Mike August 18, 2011 at 04:52 PM
The ineffectual local government (both the city council and EUSD) is a poignant commentary on our country’s problem as a whole. This is costly on the local and national levels. It is the job of bodies of local government need to develop anacceptable plan. It does not matter which side a constituent is on, houses, art center, etc... The lack of decision making is a serious problem that has gone on too long. One thing is clear; the lack action on this property is costing the city/school district and taxpayers. I challenge the EUSD and the city council to quickly develop a quality plan. You were elected to make decisions and plan, not bicker and send key decisions to the courts. This delays the benefit the property to the public and incurs wasteful legal costs. I challenge the constituents to no longer accept this type of governing. If there is no clear action on this and the Hall property before the next election then it is up to us to elect a new city council. If this issues goes to court I see no reason to re-elect any of the officials. This is a very balanced council with respect to priorities, business, environment, etc.. I think 5 new people with a similar set of balance who make decisions in a timely manner can be found in our city if these 5 can’t accomplish their elected duties to our satisfaction.

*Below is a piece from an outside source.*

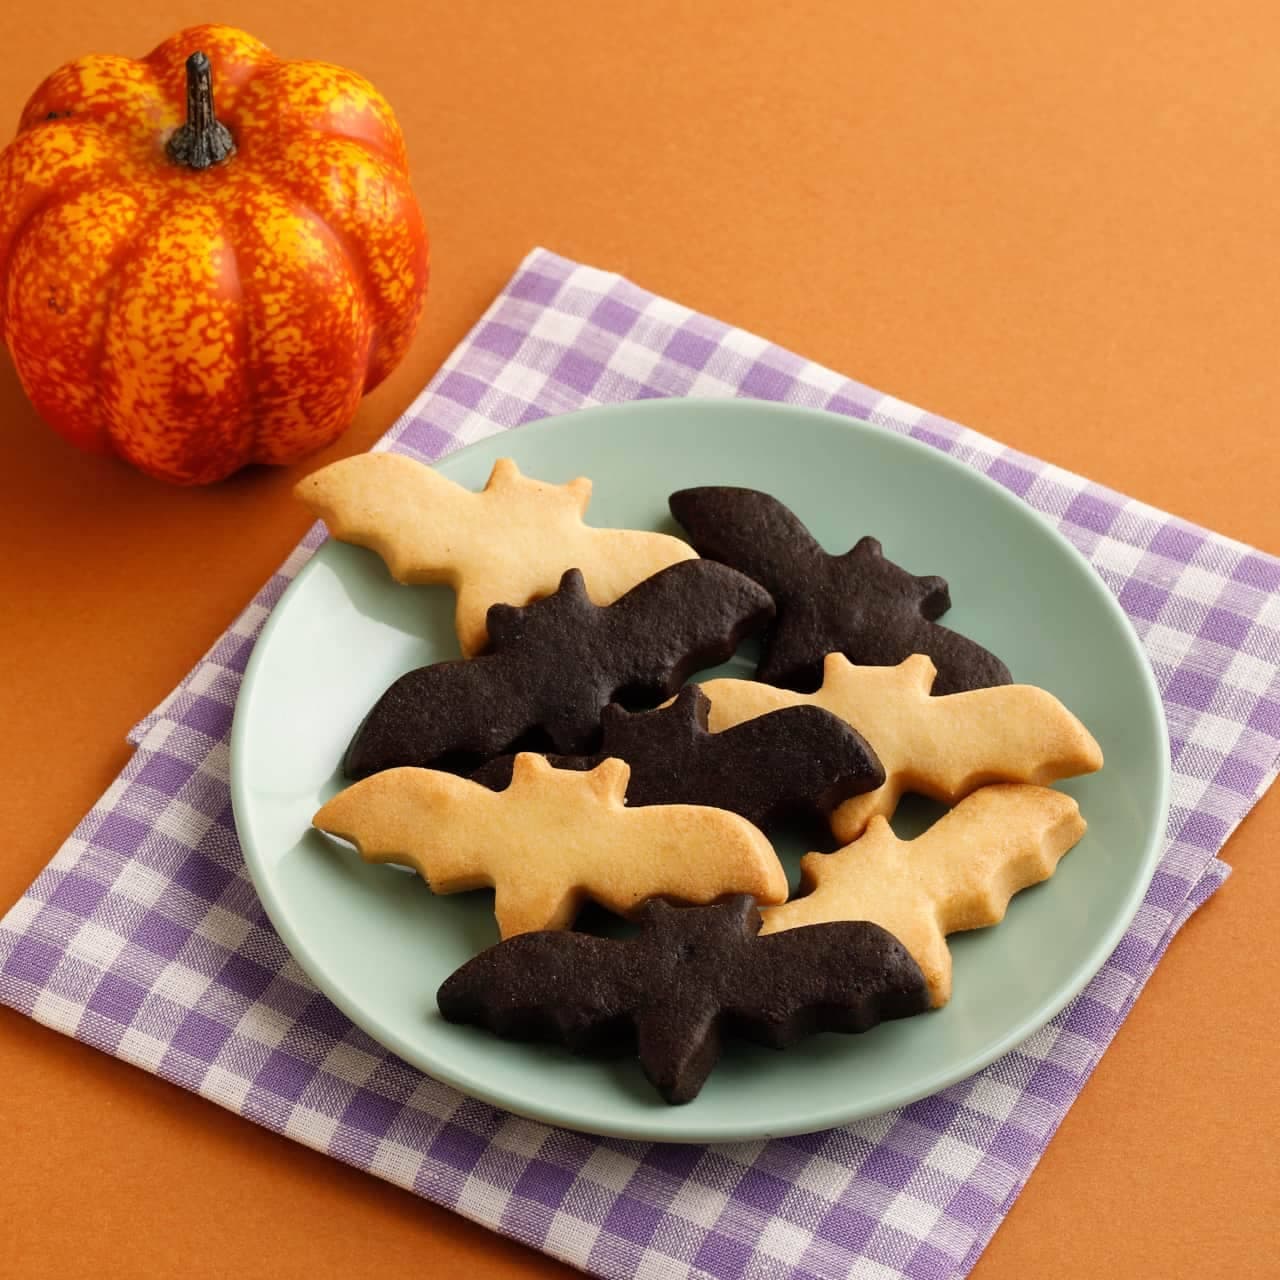 KINOKUNIYA "Halloween Sweets

Walter August 18, 2011 at 05:23 PM
Gaspar's excuse is pathetic. She just didn't want to be on record either way.
Marianne August 18, 2011 at 06:09 PM
I am a mom of 2 young kids in EUSD. Our district is in a major budget crisis that is threatening the quality of the education that we can offer our 5,600 kids that we serve. EUSD should be allowed to garner a fair market value for this property in exchange for a mixed use development that can be a compromise between the financial needs of EUSD and a benefit to the Encinitas public. A park sounds nice, doesn't it? ....but honestly, we have many beautiful parks and I cannot possibly even visit them all...AND, we barely even have time to go to those parks since I am spending 20+ hours per week, outside of my regular job, trying to raise money for my kids school so they can offer quality programs not covered by the CA State Government. Some people see a park, or a community arts center as a legacy to Encinitas. I see the 5,600 kids...I believe the true legacy is providing them with a world class education. We live in a beautiful community, and I am grateful for that. But if you ask me to choose between a park, an art center, or sustaining quality education in Encinitas- I'm going to support the kids. In my eyes, they are the true legacy in Encinitas and they deserve our support. Sincerely, A park-loving, art loving mother of 2
Diane August 18, 2011 at 08:44 PM
Agreed! Find a compromise that benefits our children and community quickly. Quit wasting time and money and just "get along!" Education needs to be the priority.
Joe McNalley August 20, 2011 at 08:30 PM
"get along" starts with the school district having a little respect for the citizens of Encinitas, the wishes of the grantor, our history and culture. From day one the district has attempted to bully the neighborhood and the citizenry; the very people who support the schools and voted for a 44million dollar bond this past election. Tim Baird and his predecessors started with an idee fixe, and have not wavered, despite how bad it is for the city to create another housing project downtown. The school board needs to take a long look at the staff, and the citizens need to take a long look at the school board. There are many win-win scenarios out there, but they all begin with the district recognizing what that land means historically and ethically. Congratulations to the City Council for doing the right thing. Now lets hope Tim Baird can overcome his overdeveloped sense of entitlement to do the wrong thing, and instead negotiate something that helps preserve it as something that actually benefits the children of Encinitas, as it was intended by the founders of the city - in perpetuity.